[Task directions] One exact copy of the listing is needed. It should contain no pictures.

[Stored data]
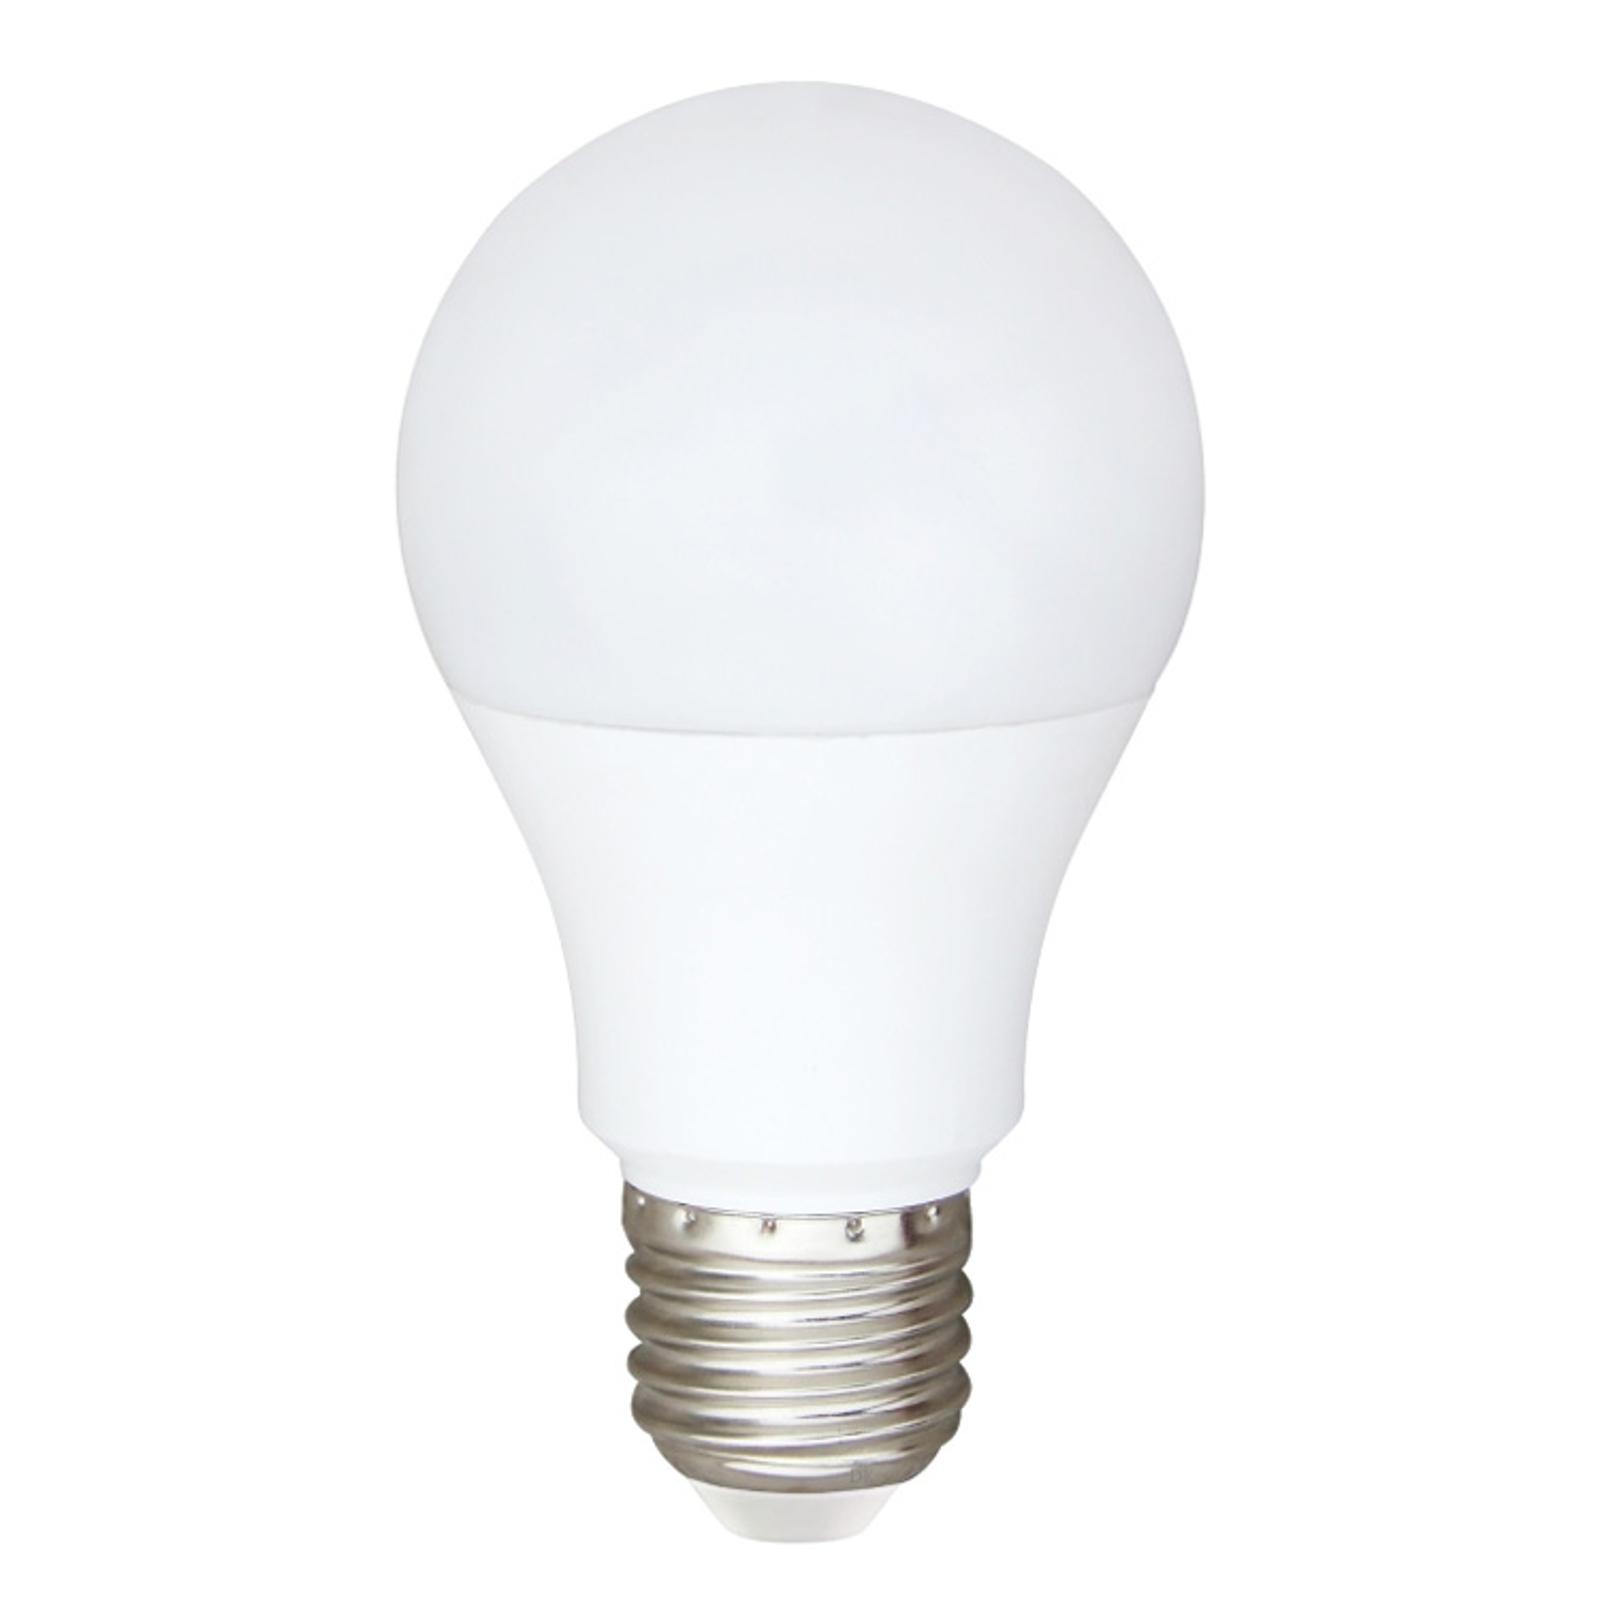 LED-pære ARAXA E27 9 W2700 K Ra90
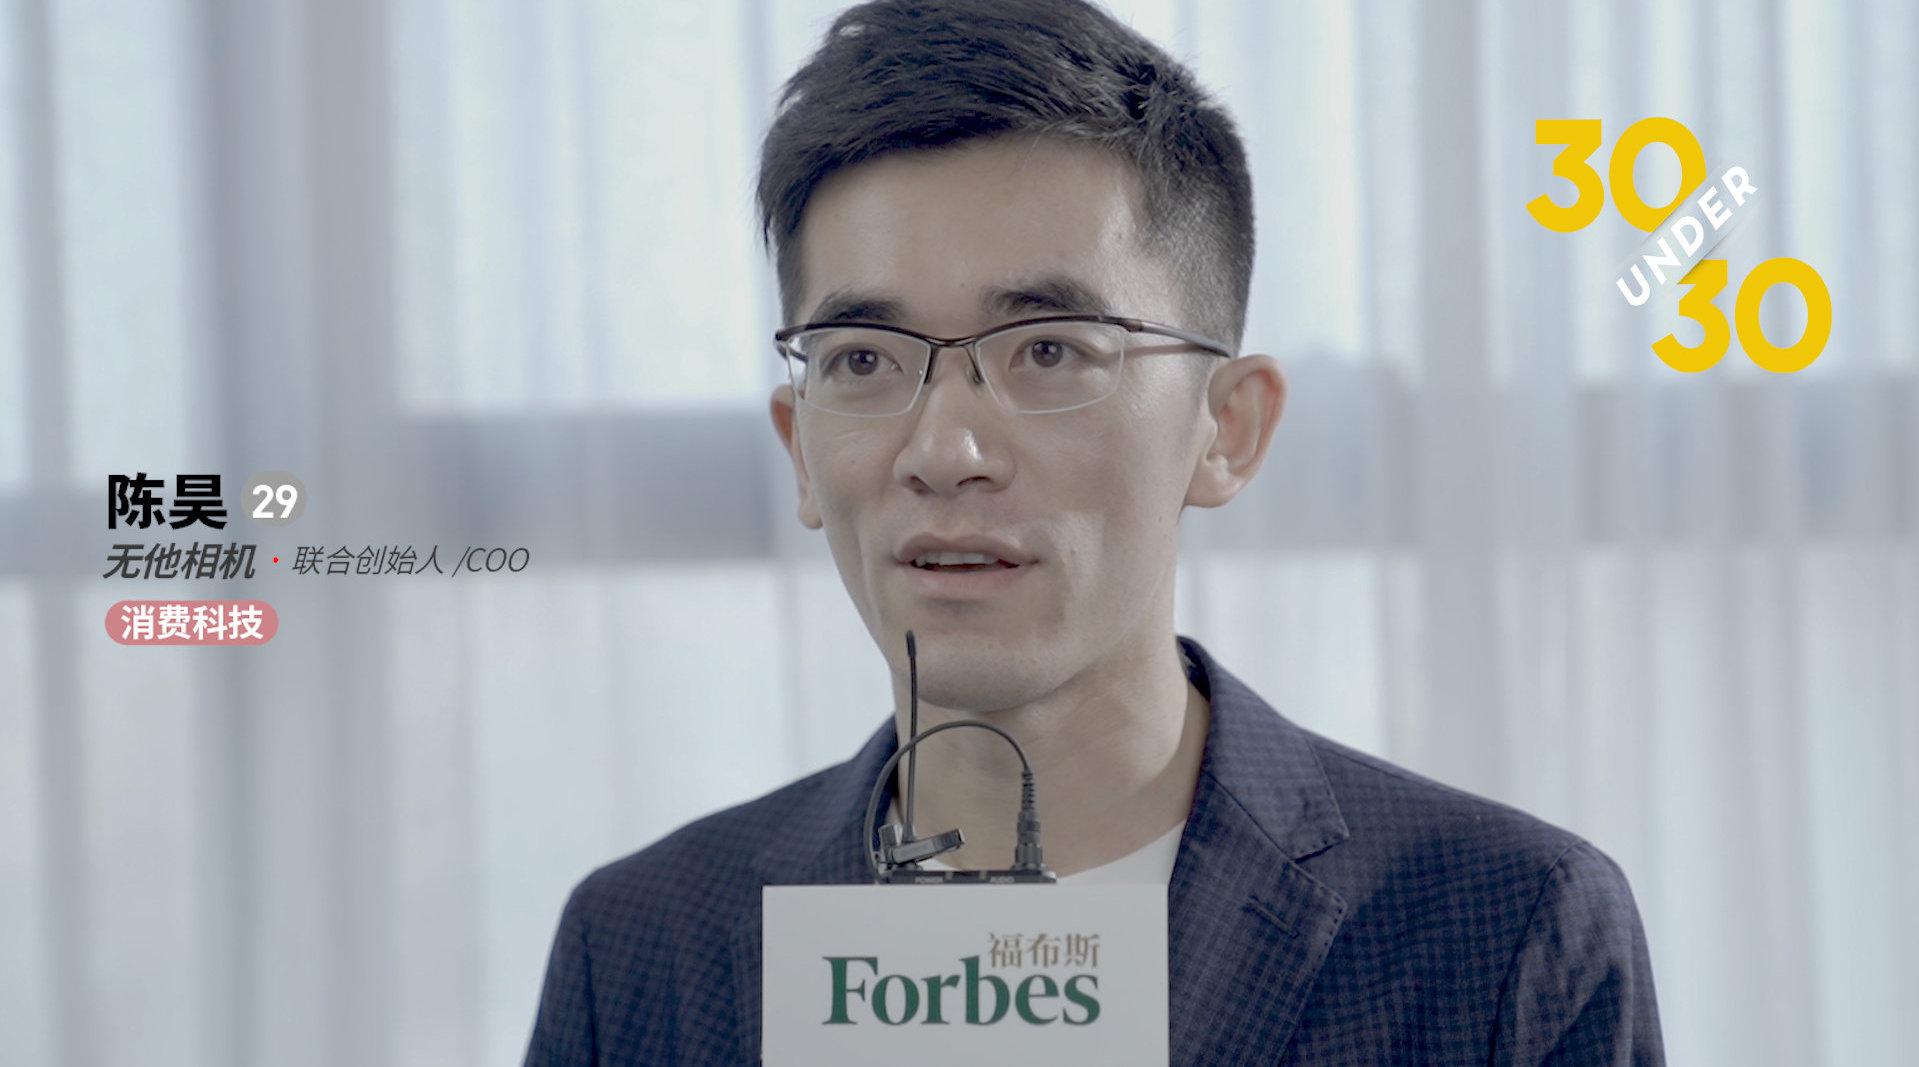 """""""爆款制造者""""无他相机陈昊丨U30消费科技陈昊是无他相机联合创始人"""
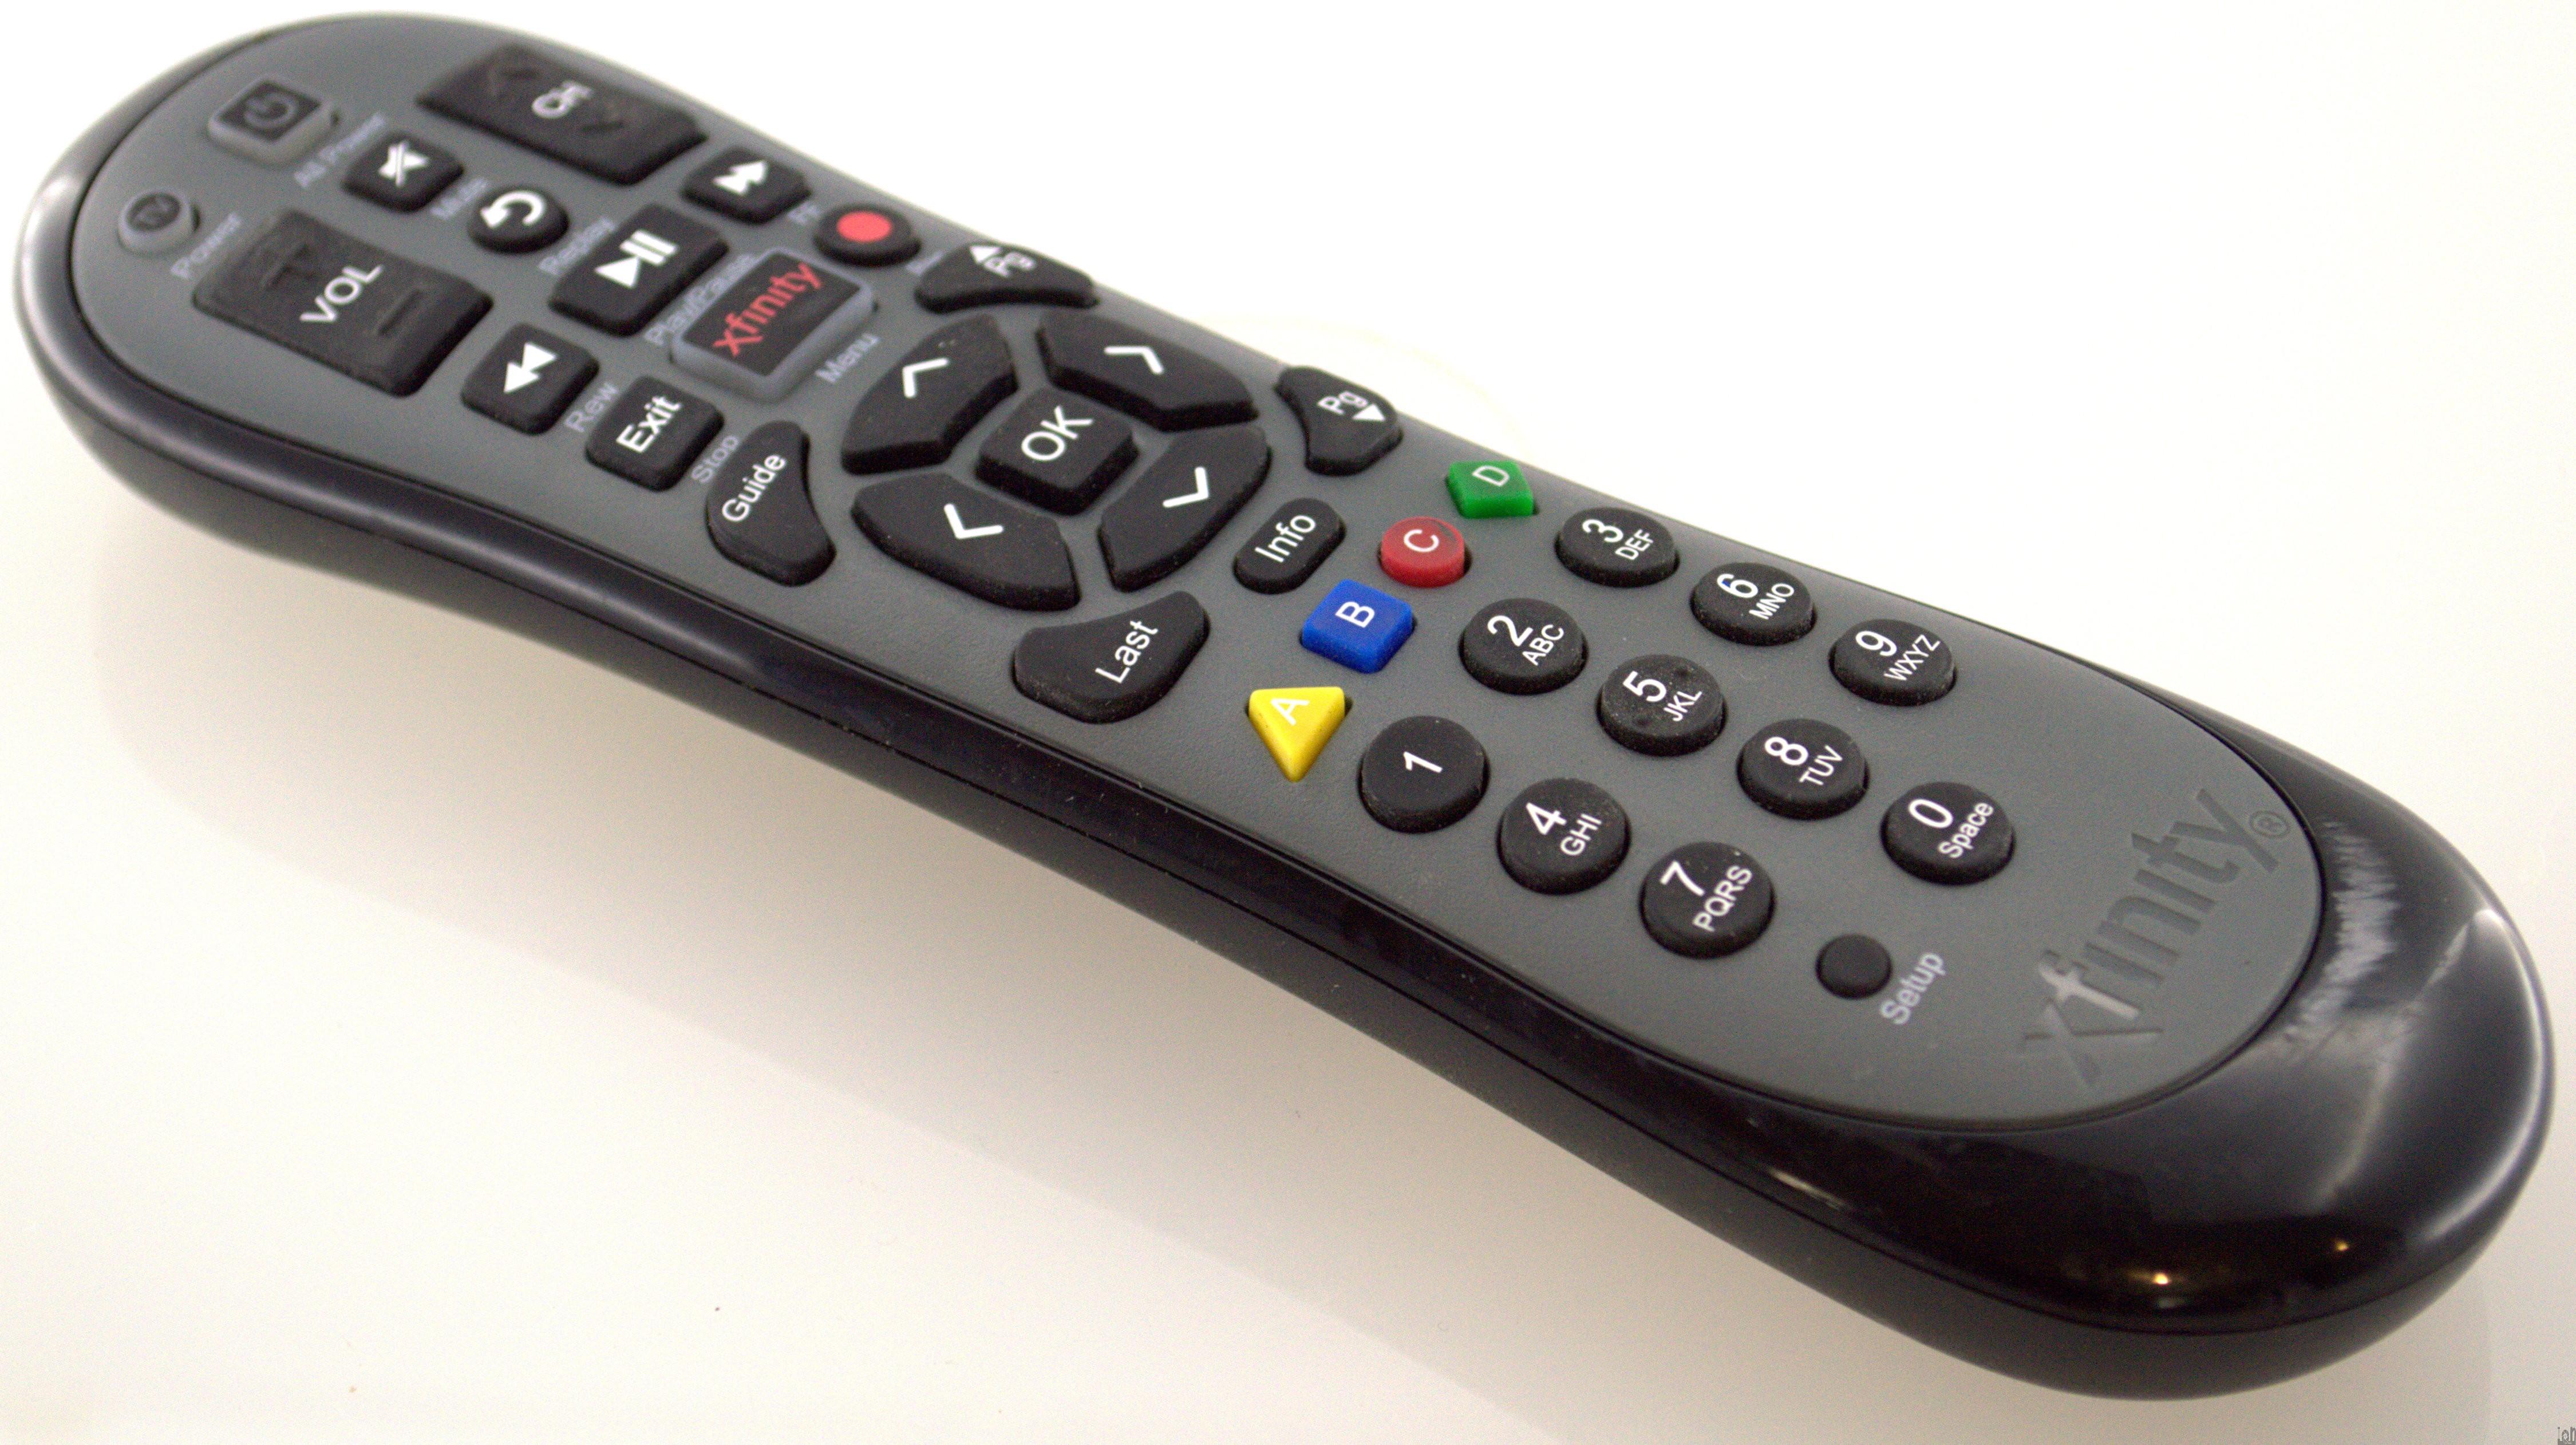 URC-4268BC0-XXXX-R Xfinity Remote Control XR2 U2 HDTV DVR

[Result of the exercise]
 LED-pære ARAXA E27 9 W2700 K Ra90
 """""""爆款制造者""""无他相机陈昊丨U30消费科技陈昊是无他相机联合创始人"""
 URC-4268BC0-XXXX-R Xfinity Remote Control XR2 U2 HDTV DVR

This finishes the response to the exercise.